Samsung clan could call on mobile unit next

July 22, 2015

The author is a Reuters Breakingviews columnist. The opinions expressed are her own.

Investors should worry about how Samsung Electronics fits into the Lee family’s wider restructuring plans. A rejig by the clan behind South Korea’s biggest chaebol could spark higher dividends from the $180 billion smartphone maker. But the Lees’ recent win against U.S. hedge fund Elliott suggests independent shareholders may have to suffer first.

The maker of the Galaxy S6 is the crown jewel among the Samsung Group’s 70-odd companies. Yet the Lees directly own just 4.7 percent of the electronics business, which is also known as SEC. Sooner or later it’s likely to be affected as the family moves to tighten its grip on key assets in light of the ill-health of patriarch Lee Kun-hee, and to ensure it can pay an inheritance tax bill that could top $6 billion.

The hope is that a group restructuring will lead SEC to distribute more of its $44 billion cash pile. A measly payout ratio is one reason SEC trades on one times forward price-to-book, or just one-quarter the level of its more generous U.S. rival Apple. SEC argues it needs cash to develop new technologies like curved screens – but boosting dividends now is also not in the family’s interest if they can secure a bigger stake in the smartphone business.

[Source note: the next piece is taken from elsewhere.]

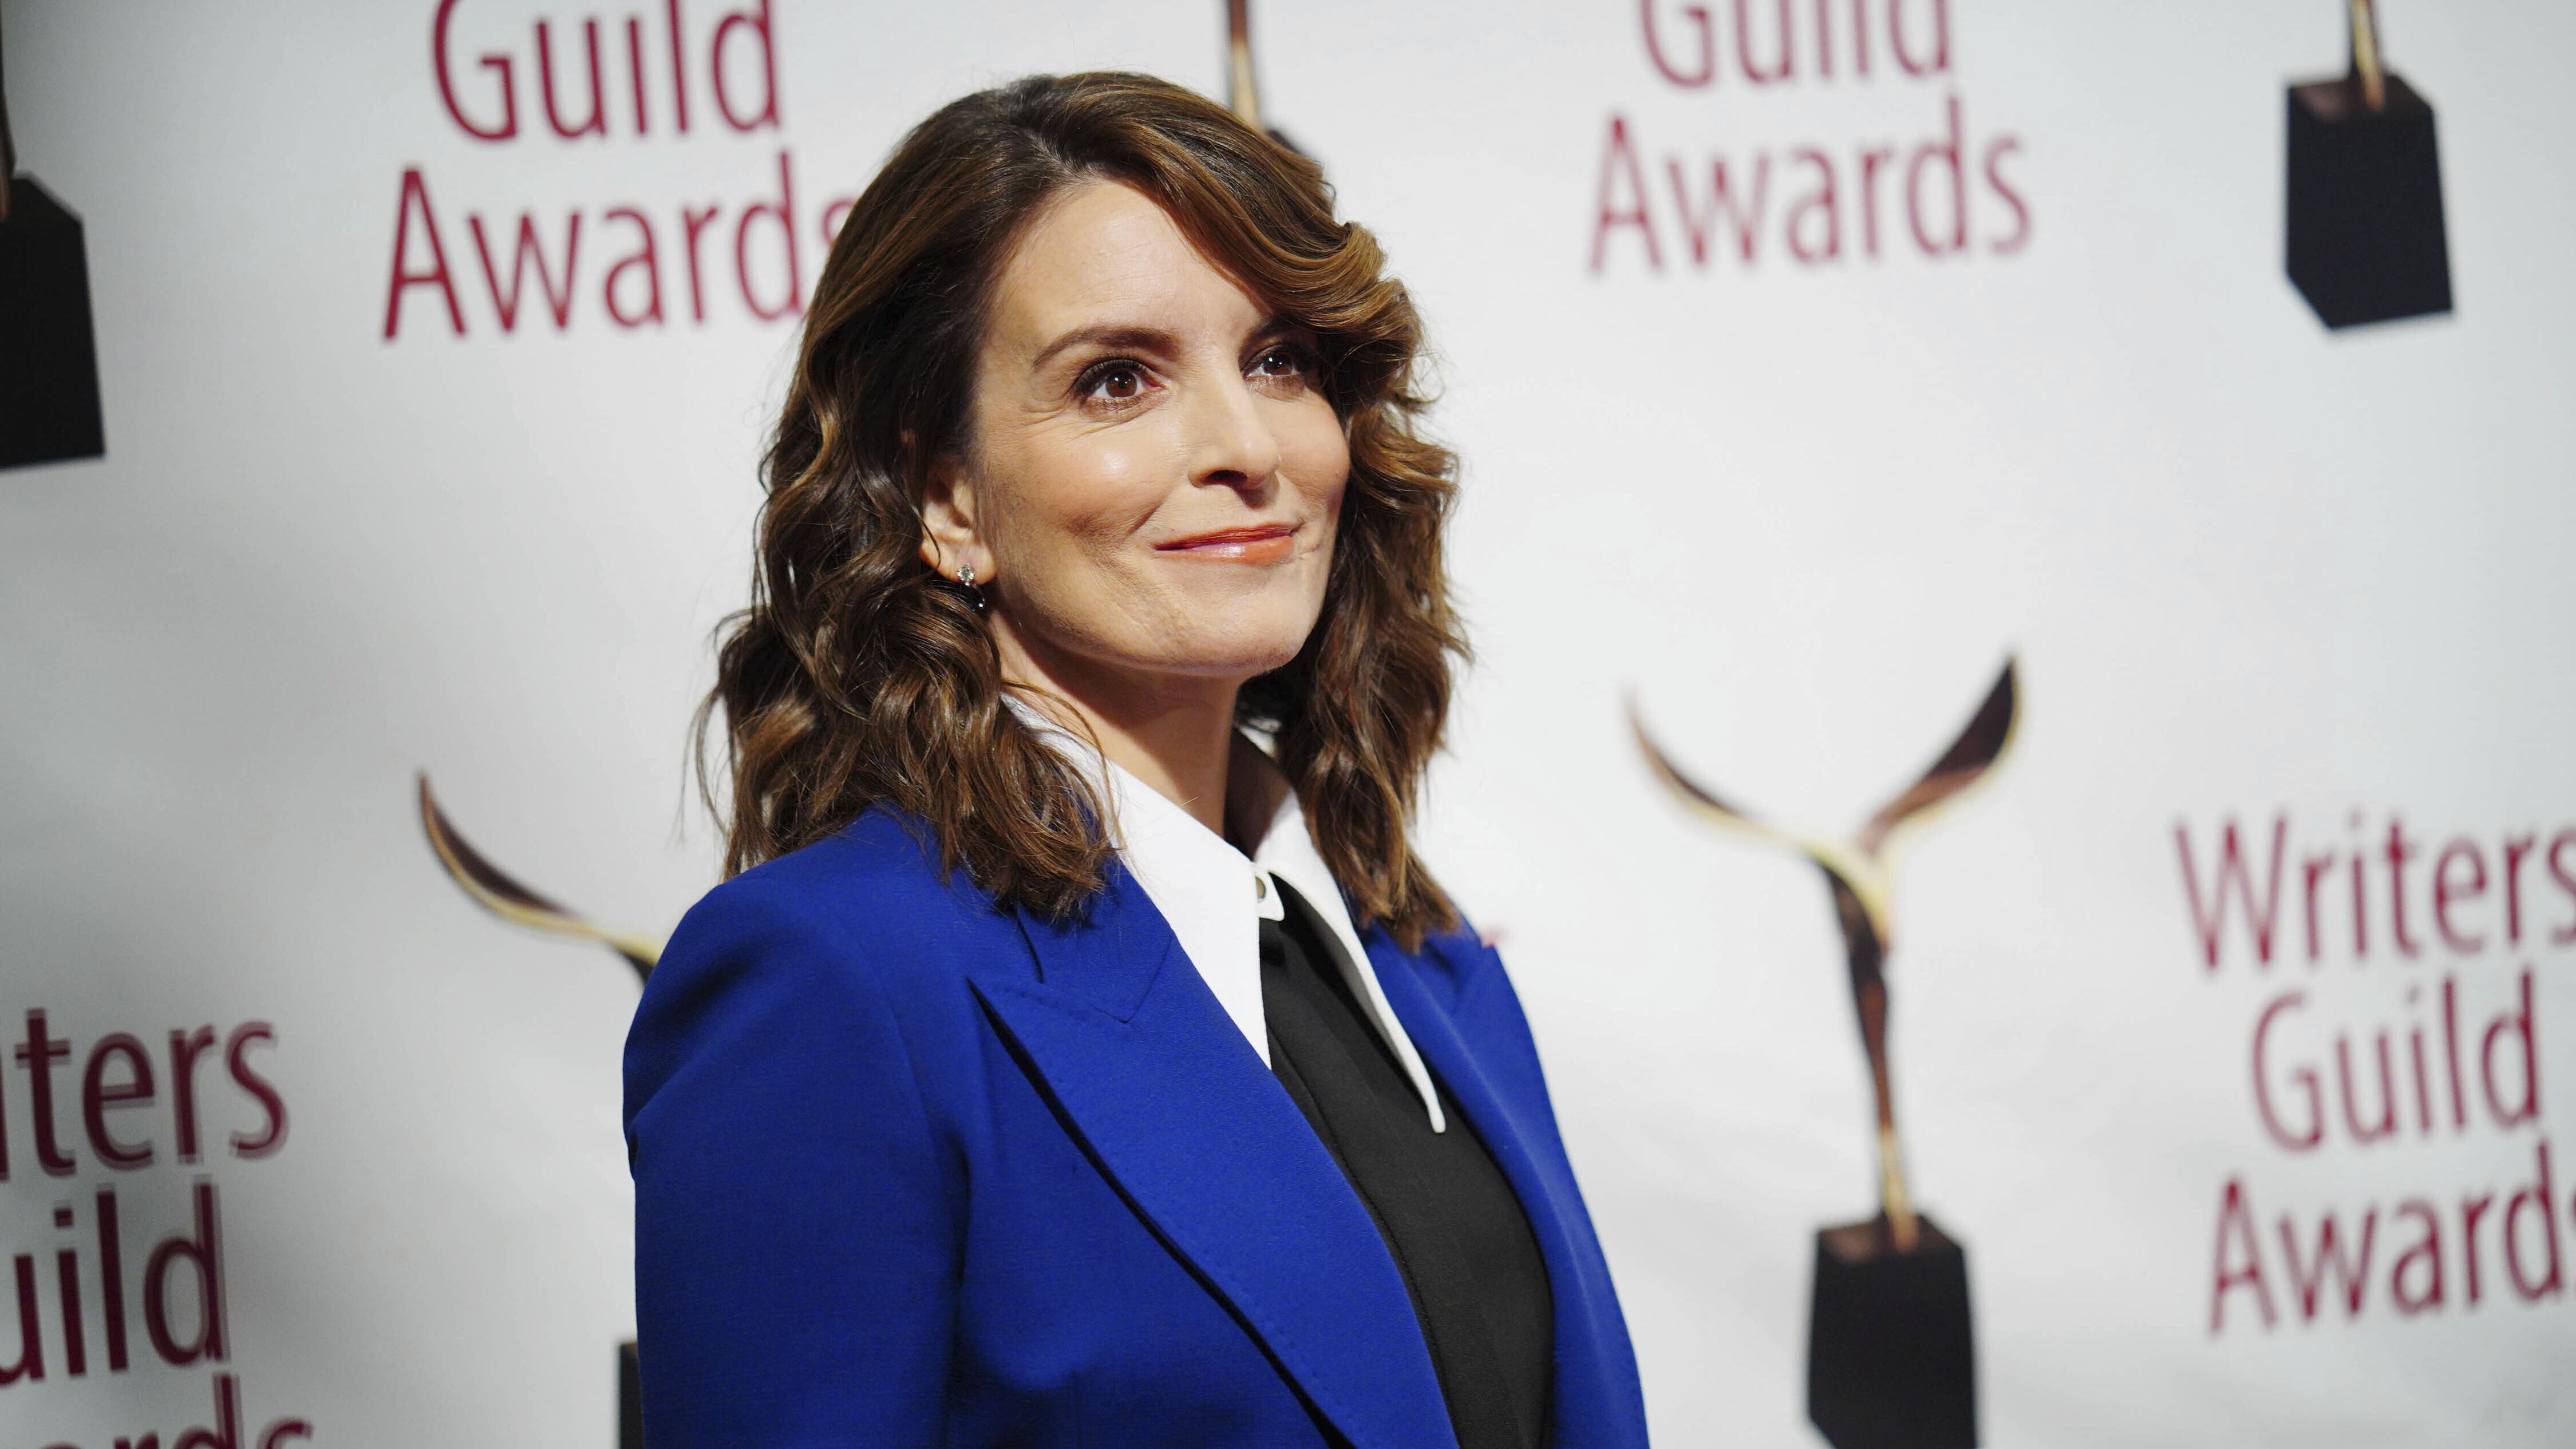 Tina Fey, creator and star of NBC's "30 Rock," has asked streaming services to pull episodes that featured White actors in blackface.
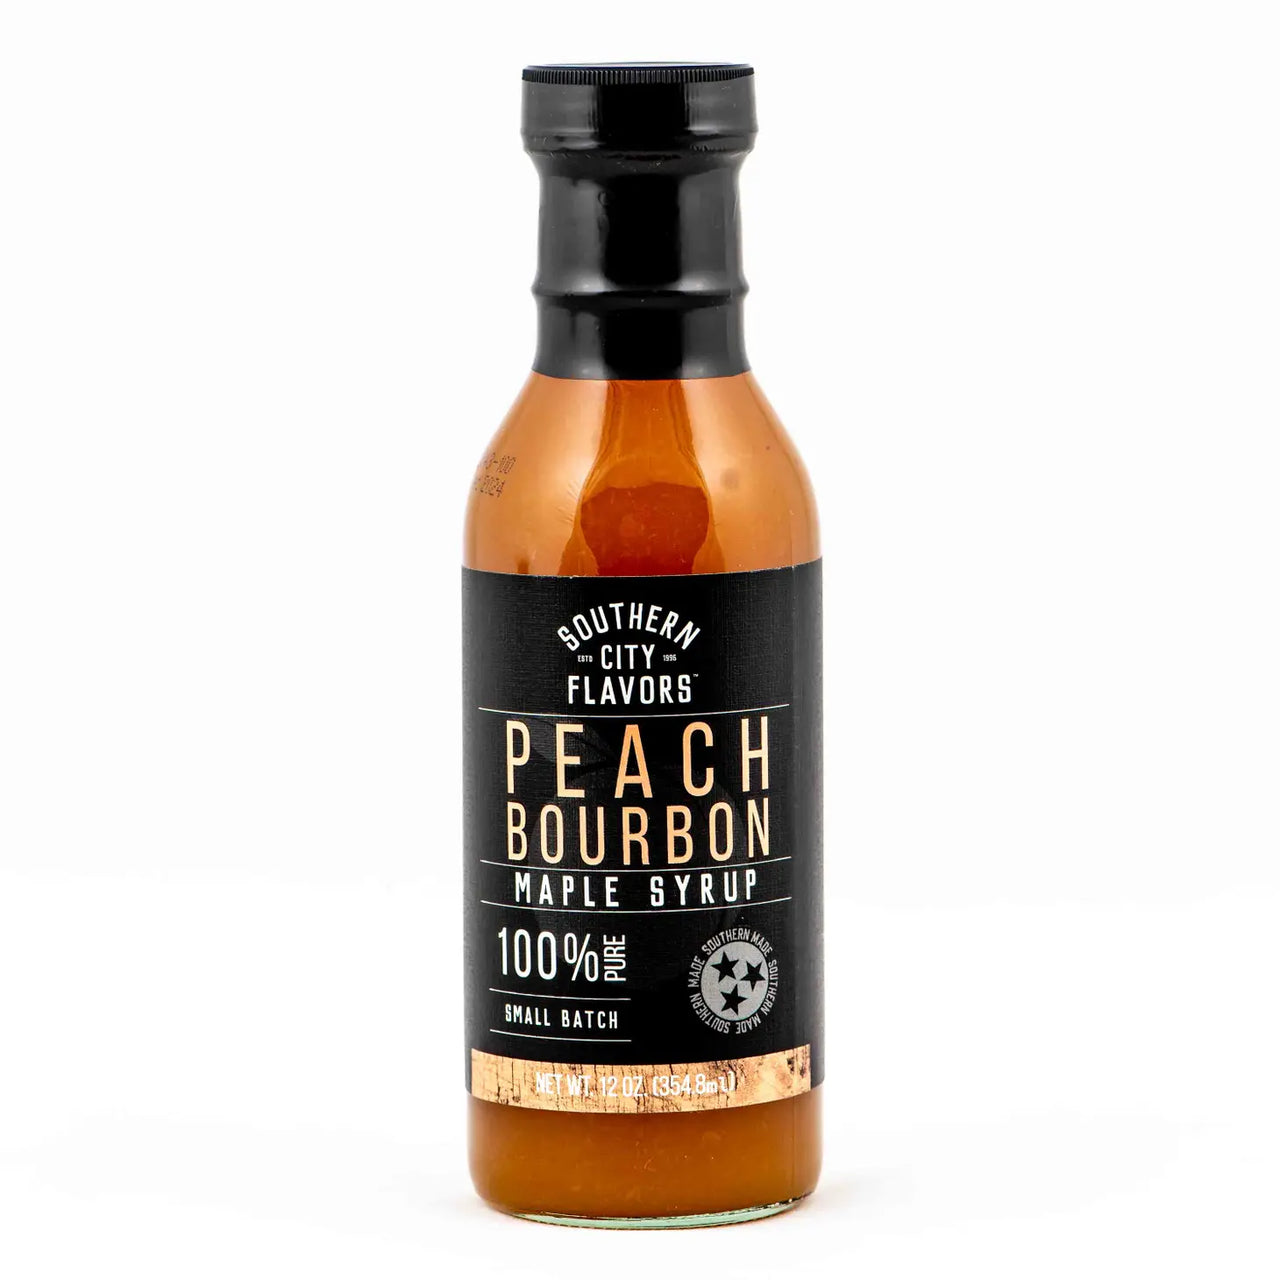 Southern City Flavors Peach Bourbon Maple Syrup

One worry is that the undervalued SEC may issue new shares to buy the richly priced IT services group Samsung SDS, which is 19 percent owned by the family directly. That would dilute existing SEC investors. Samsung insists it has no such plans but it could push through a deal without a shareholder vote because SDS’s market value, at $20 billion, is around just 10 percent of SEC’s. Another theory is that Samsung may also try to shore up control by adopting a holding company structure like rival LG Group.

Samsung has promised higher dividends to get its way before. It was one of the group’s many carrots to rally investor support for another inter-group deal, on lowball terms, which Elliott almost defeated. It could try to do so again here. If so, SEC’s many foreign shareholders should push back and insist: these are two separate issues.